[[ Source data open ]]

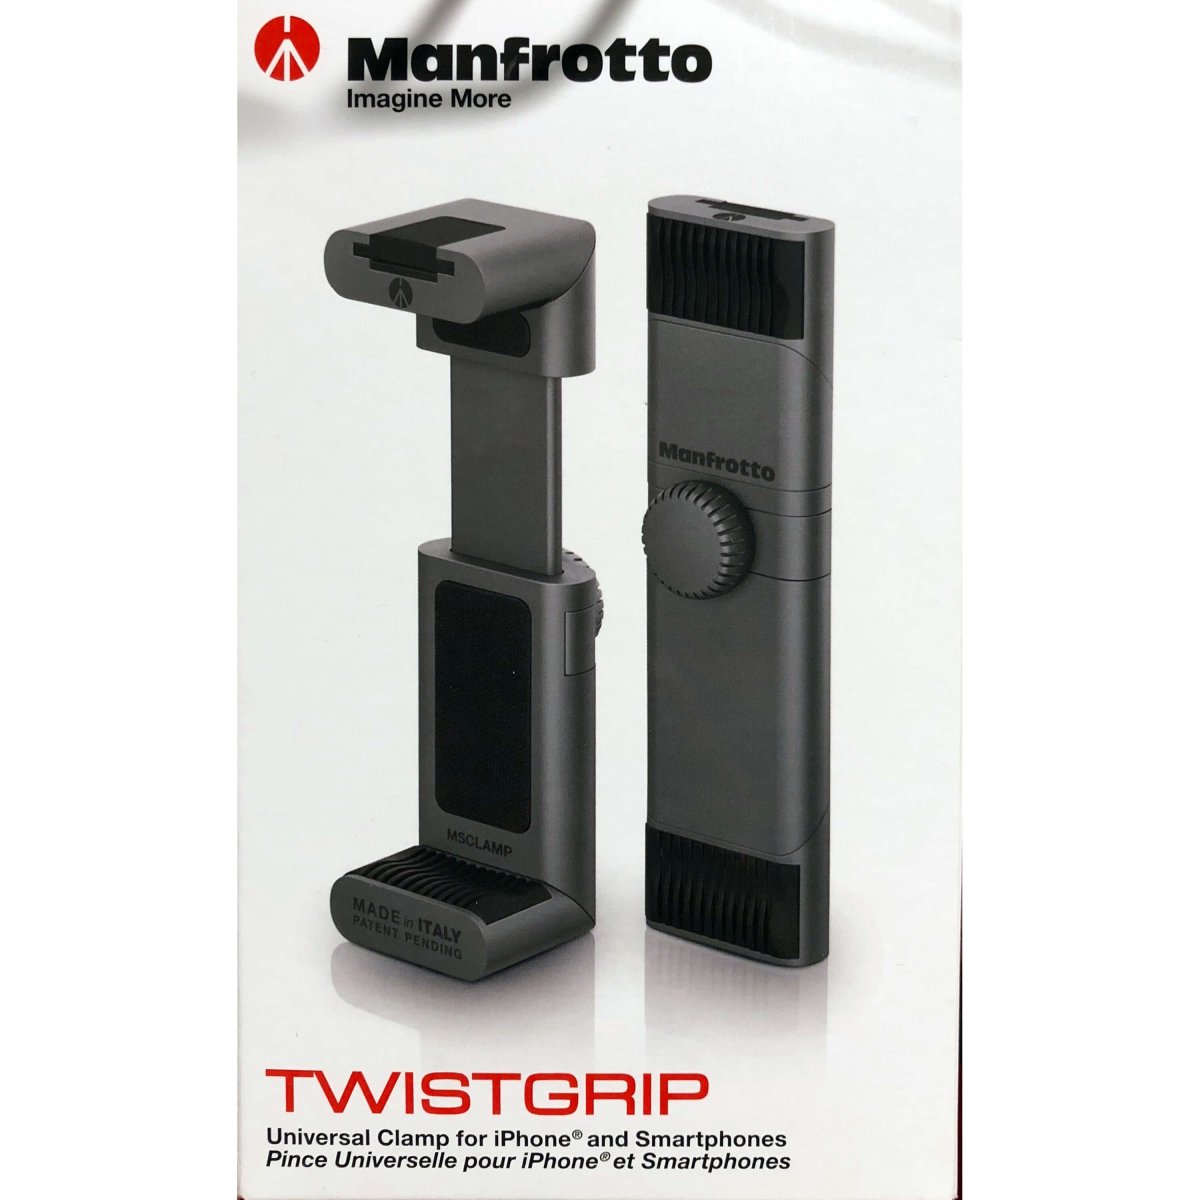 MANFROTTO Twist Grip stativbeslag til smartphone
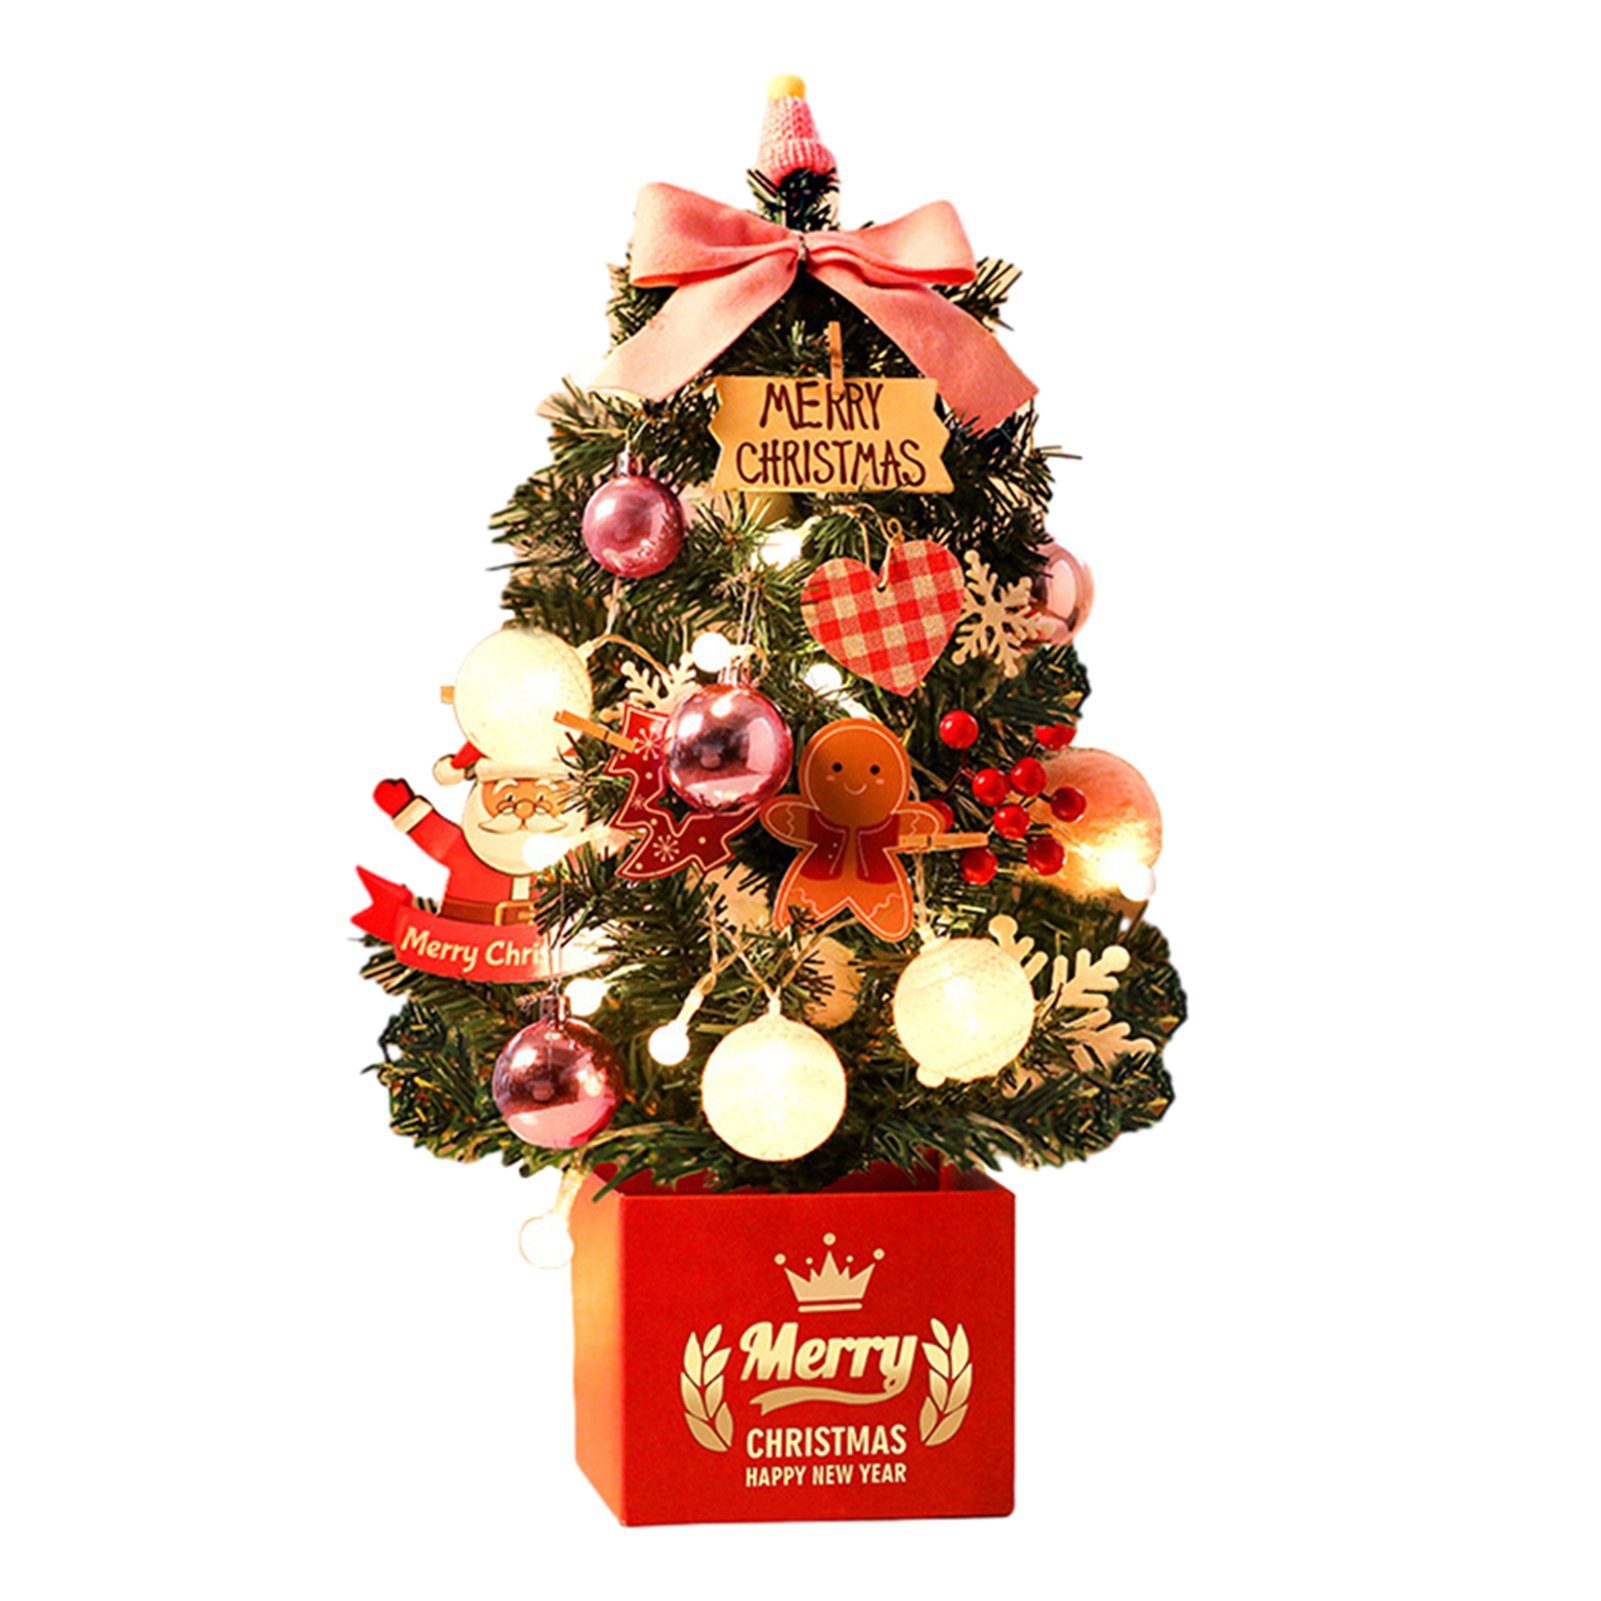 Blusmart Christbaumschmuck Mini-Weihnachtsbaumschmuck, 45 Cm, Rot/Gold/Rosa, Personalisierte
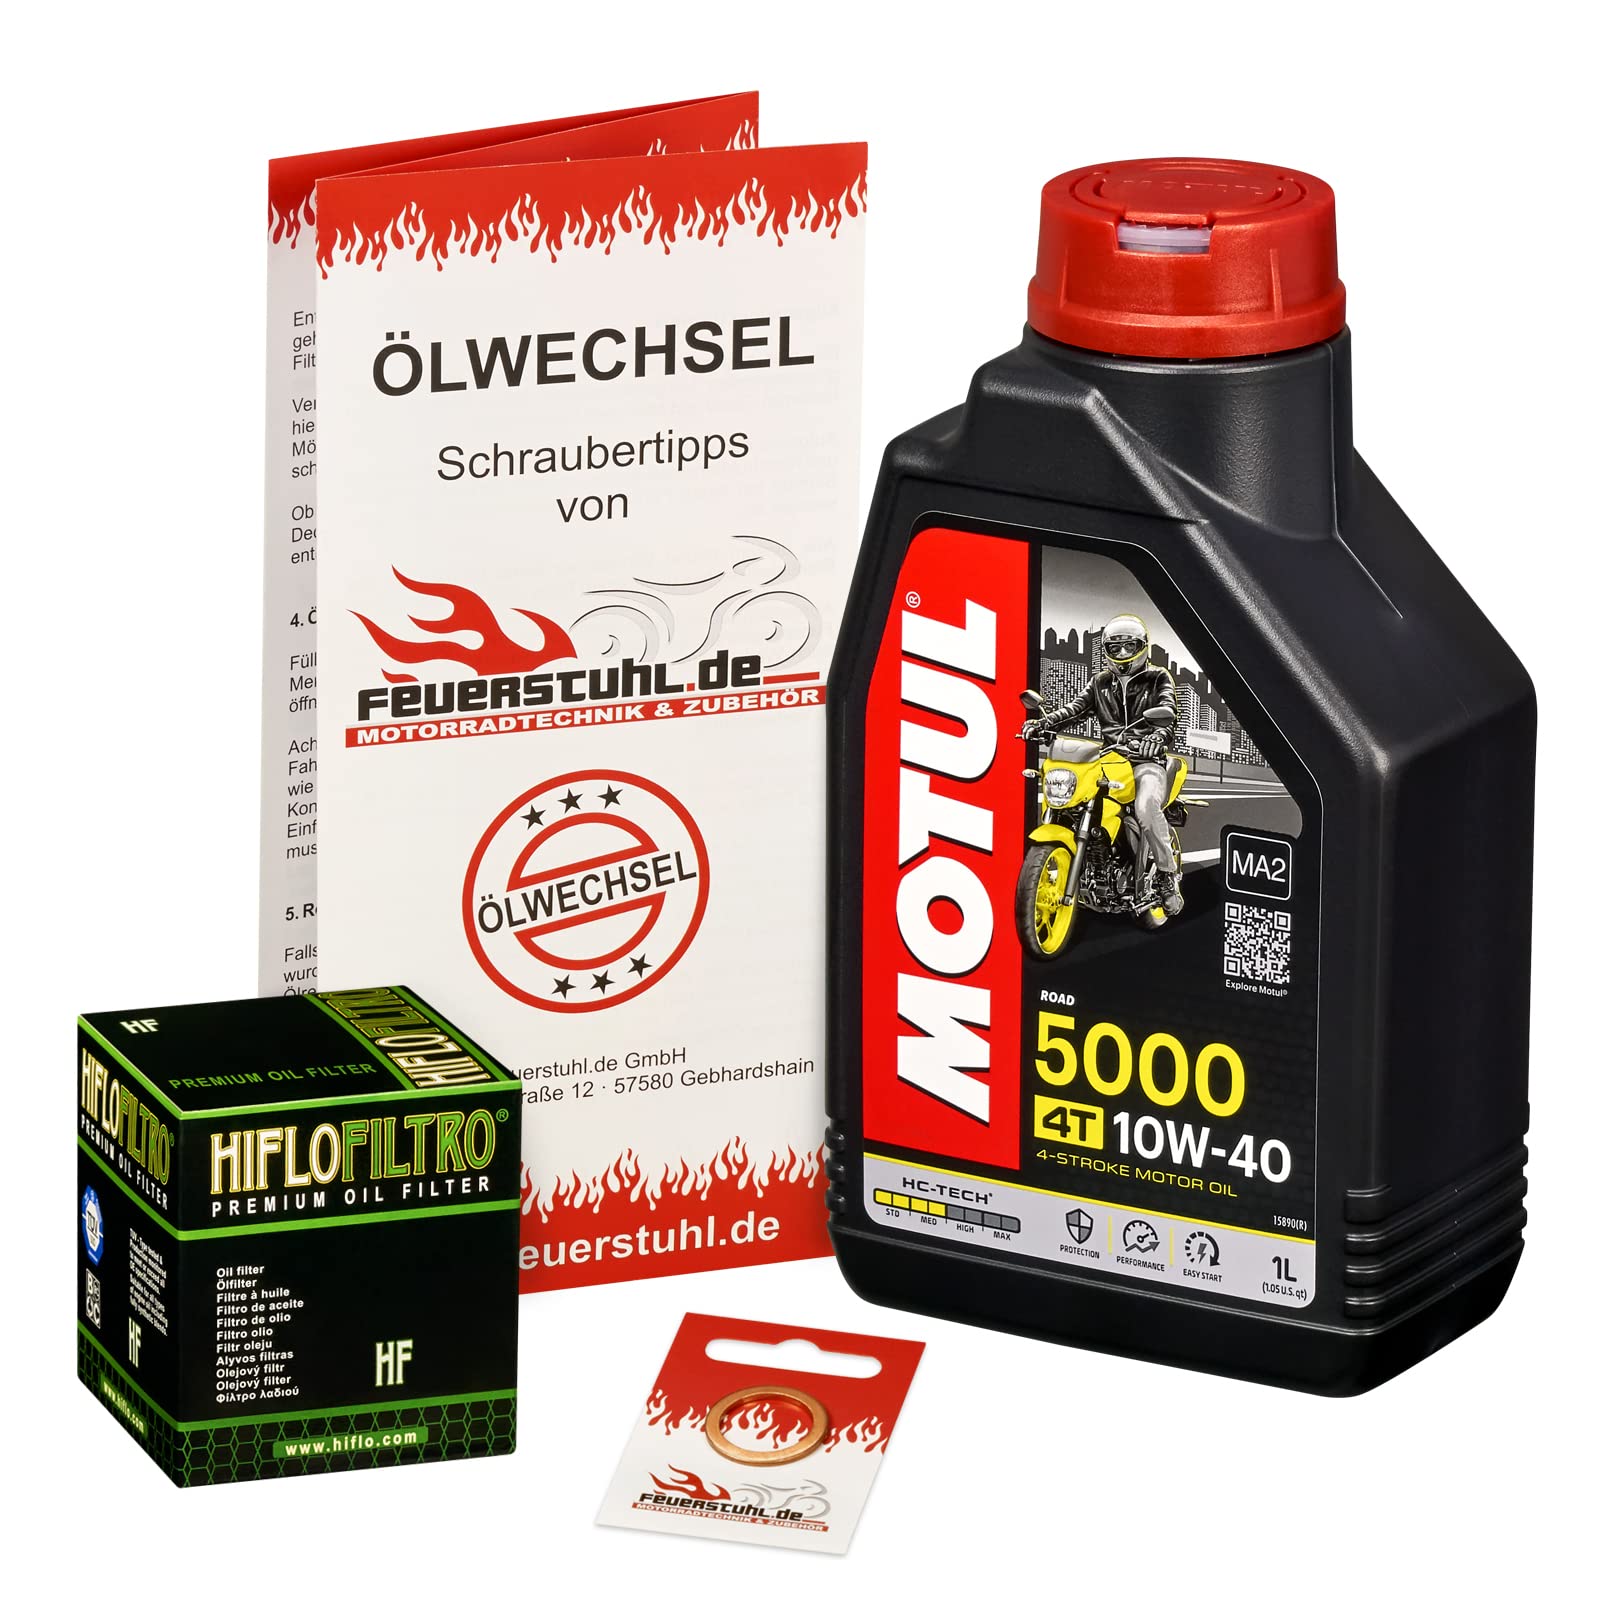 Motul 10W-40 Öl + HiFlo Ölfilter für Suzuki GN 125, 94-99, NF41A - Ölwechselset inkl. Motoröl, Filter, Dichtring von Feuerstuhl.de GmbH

[[ Source data closed ]]

Leaving every picture out, output the data exactly as it stands.

 MANFROTTO Twist Grip stativbeslag til smartphone
 Blusmart Christbaumschmuck Mini-Weihnachtsbaumschmuck, 45 Cm, Rot/Gold/Rosa, Personalisierte
 Motul 10W-40 Öl + HiFlo Ölfilter für Suzuki GN 125, 94-99, NF41A - Ölwechselset inkl. Motoröl, Filter, Dichtring von Feuerstuhl.de GmbH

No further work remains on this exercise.